- Data section:
--- START ---

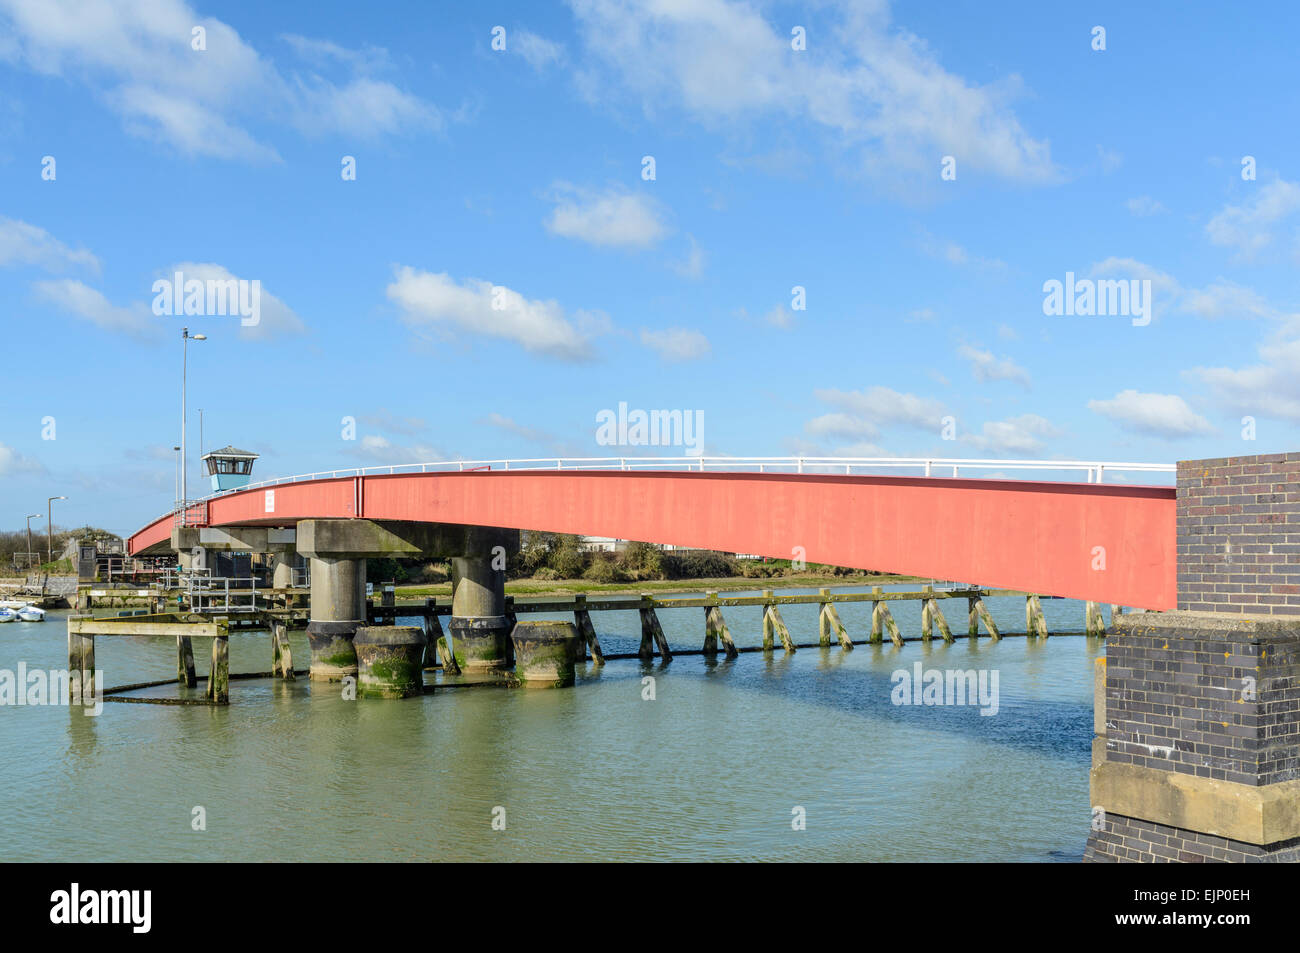 Retractable footbridge across the River Arun in Littlehampton, West Sussex, England, UK. - Stock Image
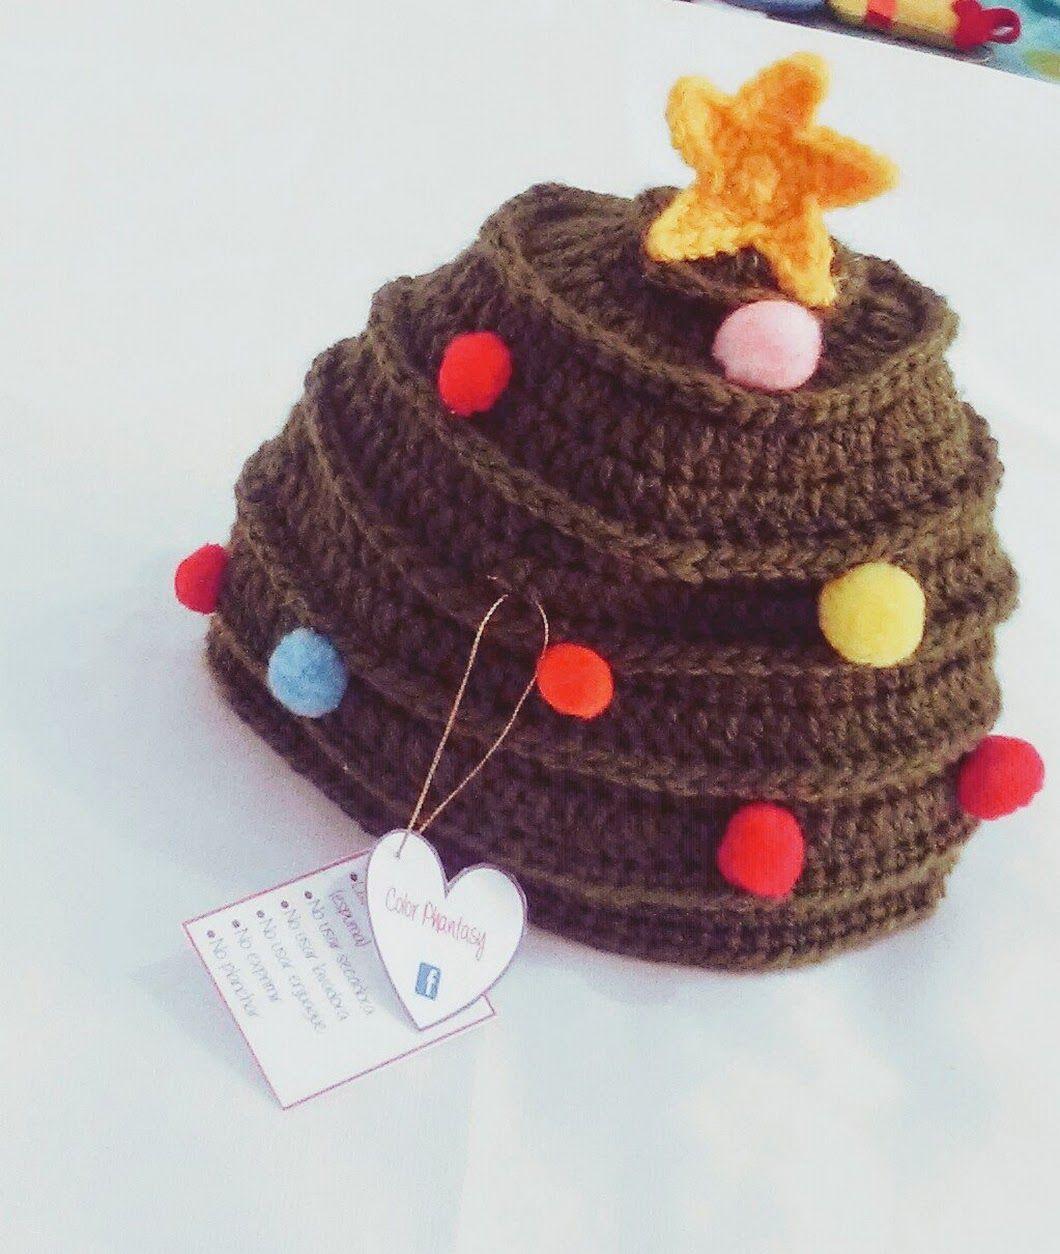 Echa un vistazo al Tweet de @ColorPhantasy: https://twitter.com/ColorPhantasy/status/944767293162229761?s=09 - color phantasy amigurumi y crochet - Google+
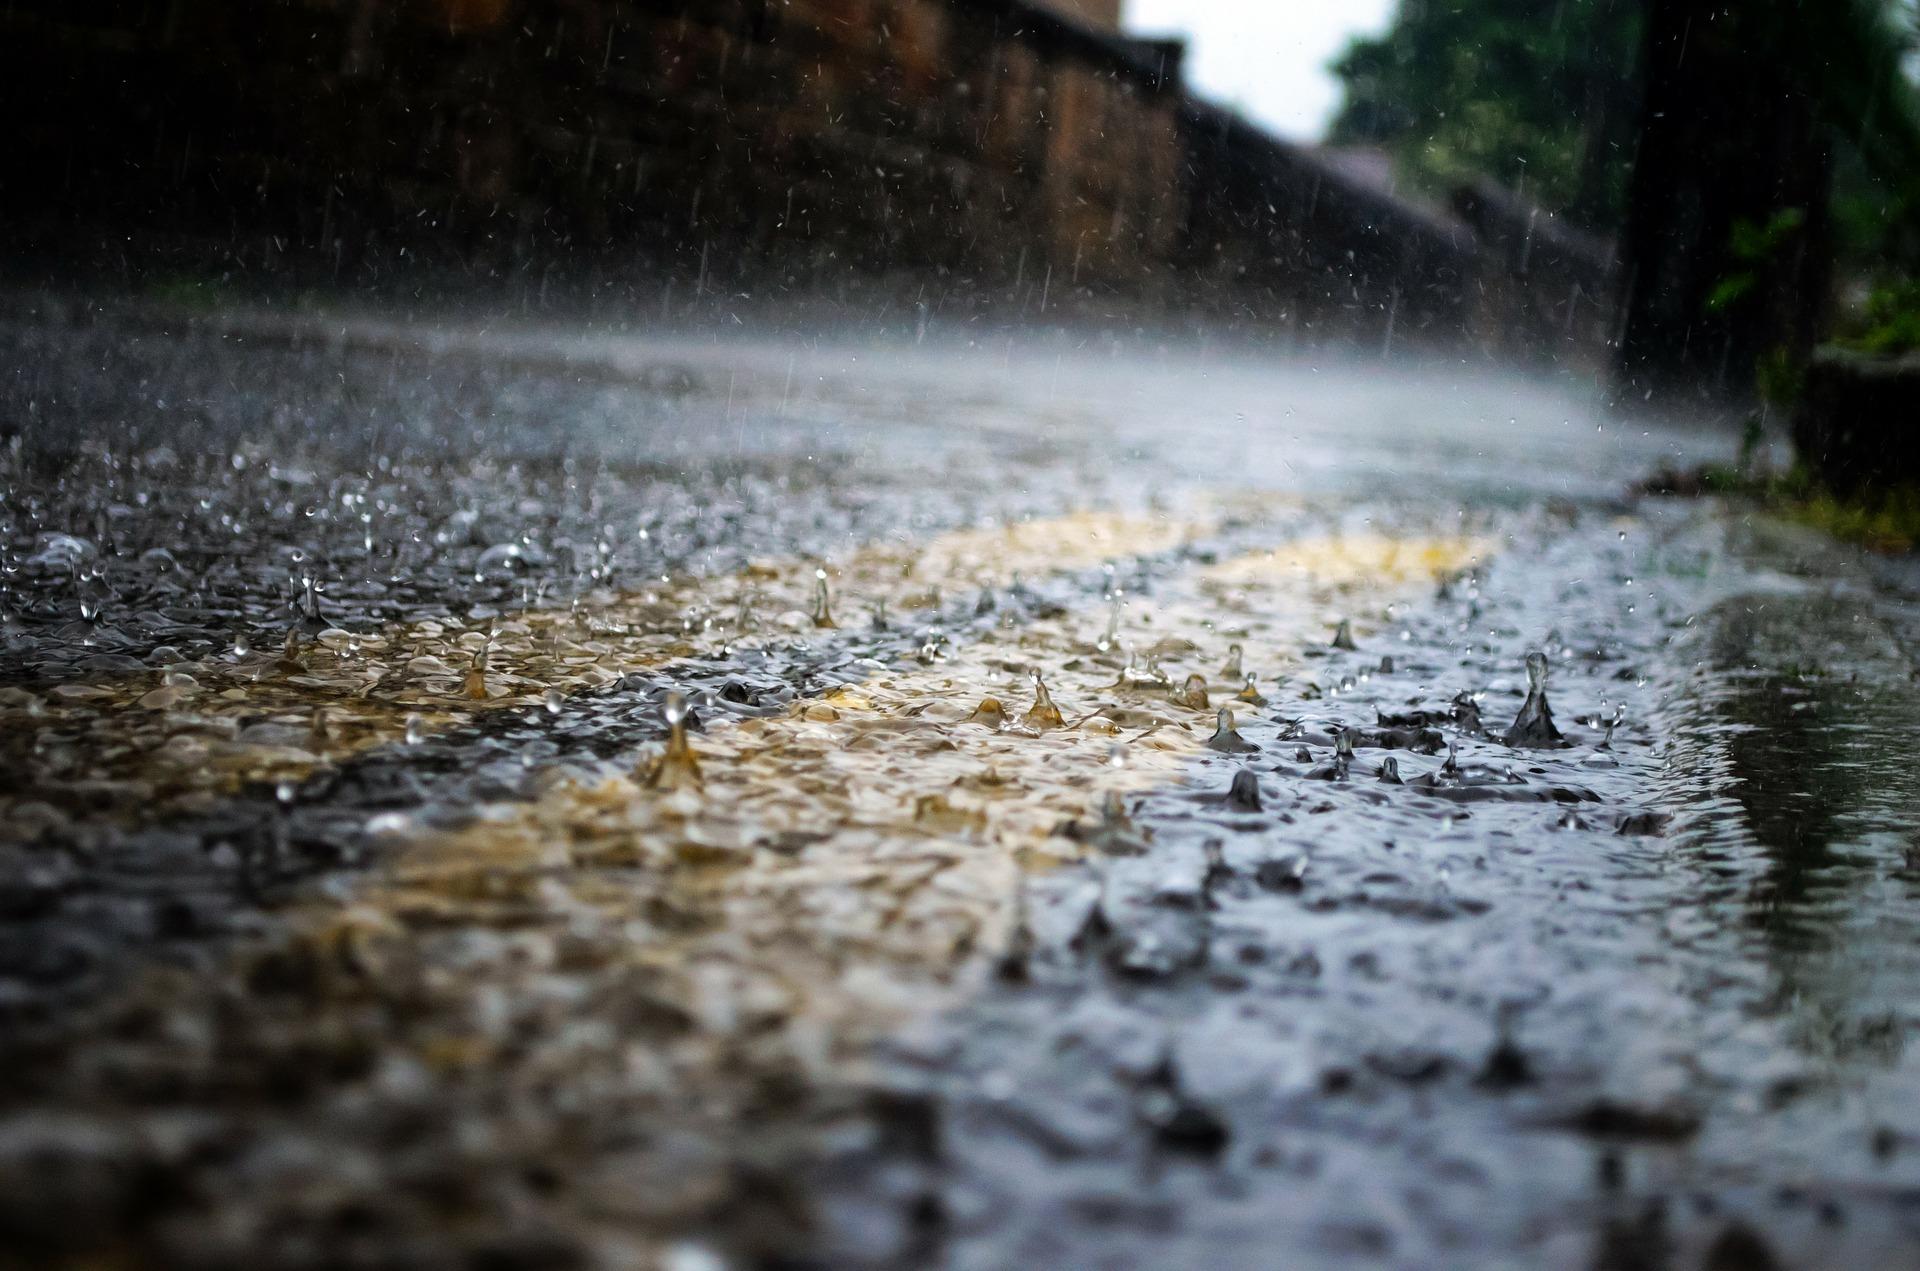 2020 es el segundo año más lluvioso en Tabasco después de 1970: Protección Civil
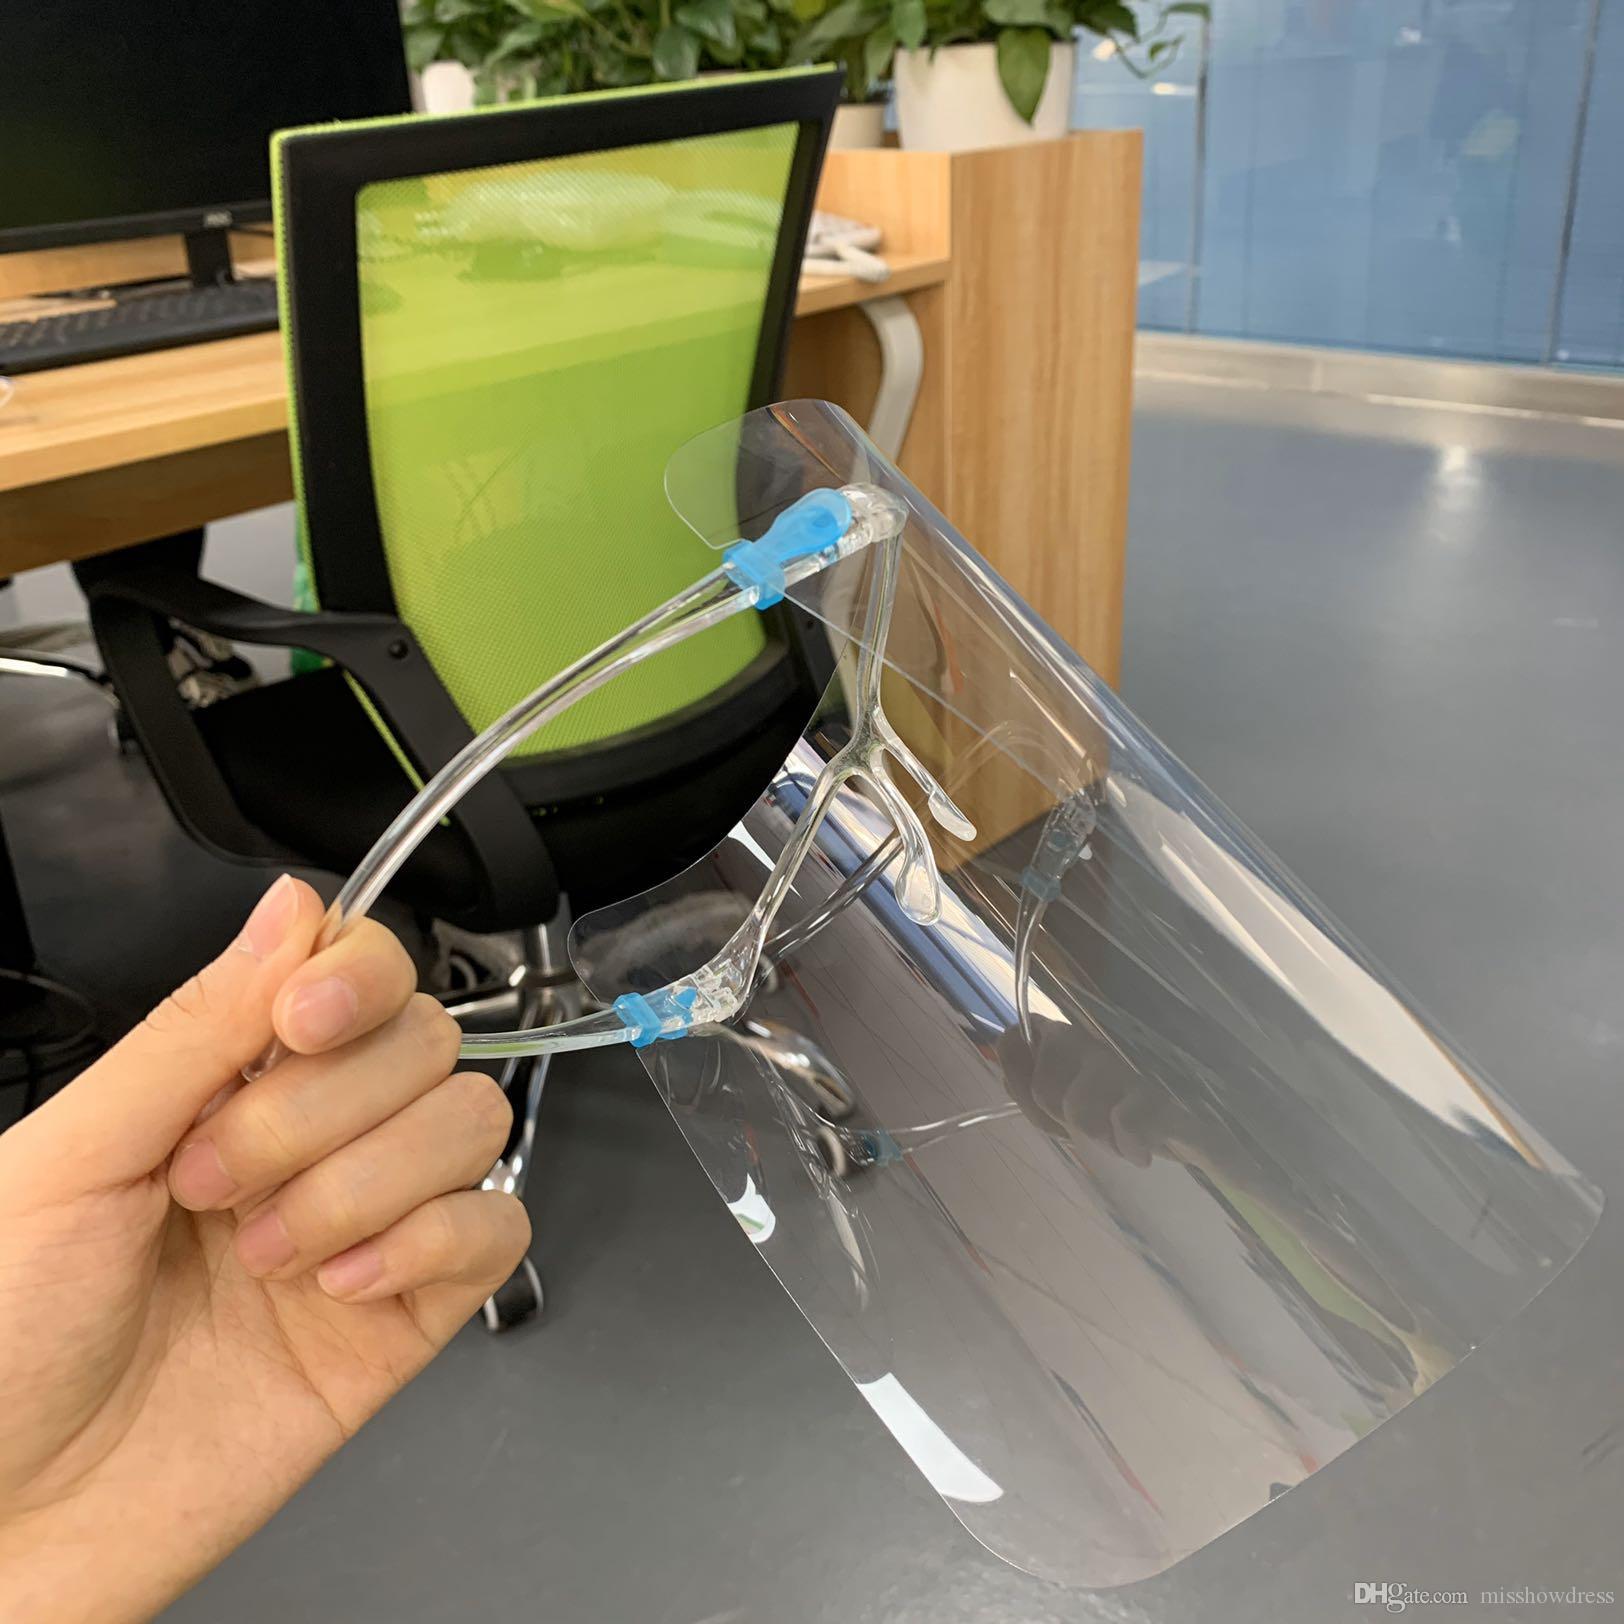 США Фото Clear Защитная Защитная маска Пластиковый экран Изоляция Полная защита маска Анти-туман масло Защитная маска Щит Hat FY8038

--- END ---

- Task directions: Reproduce the material exactly. Pictures stay out.

- Result below:
 Retractable footbridge across the River Arun in Littlehampton, West Sussex, England, UK. - Stock Image
 Echa un vistazo al Tweet de @ColorPhantasy: https://twitter.com/ColorPhantasy/status/944767293162229761?s=09 - color phantasy amigurumi y crochet - Google+
 2020 es el segundo año más lluvioso en Tabasco después de 1970: Protección Civil
 США Фото Clear Защитная Защитная маска Пластиковый экран Изоляция Полная защита маска Анти-туман масло Защитная маска Щит Hat FY8038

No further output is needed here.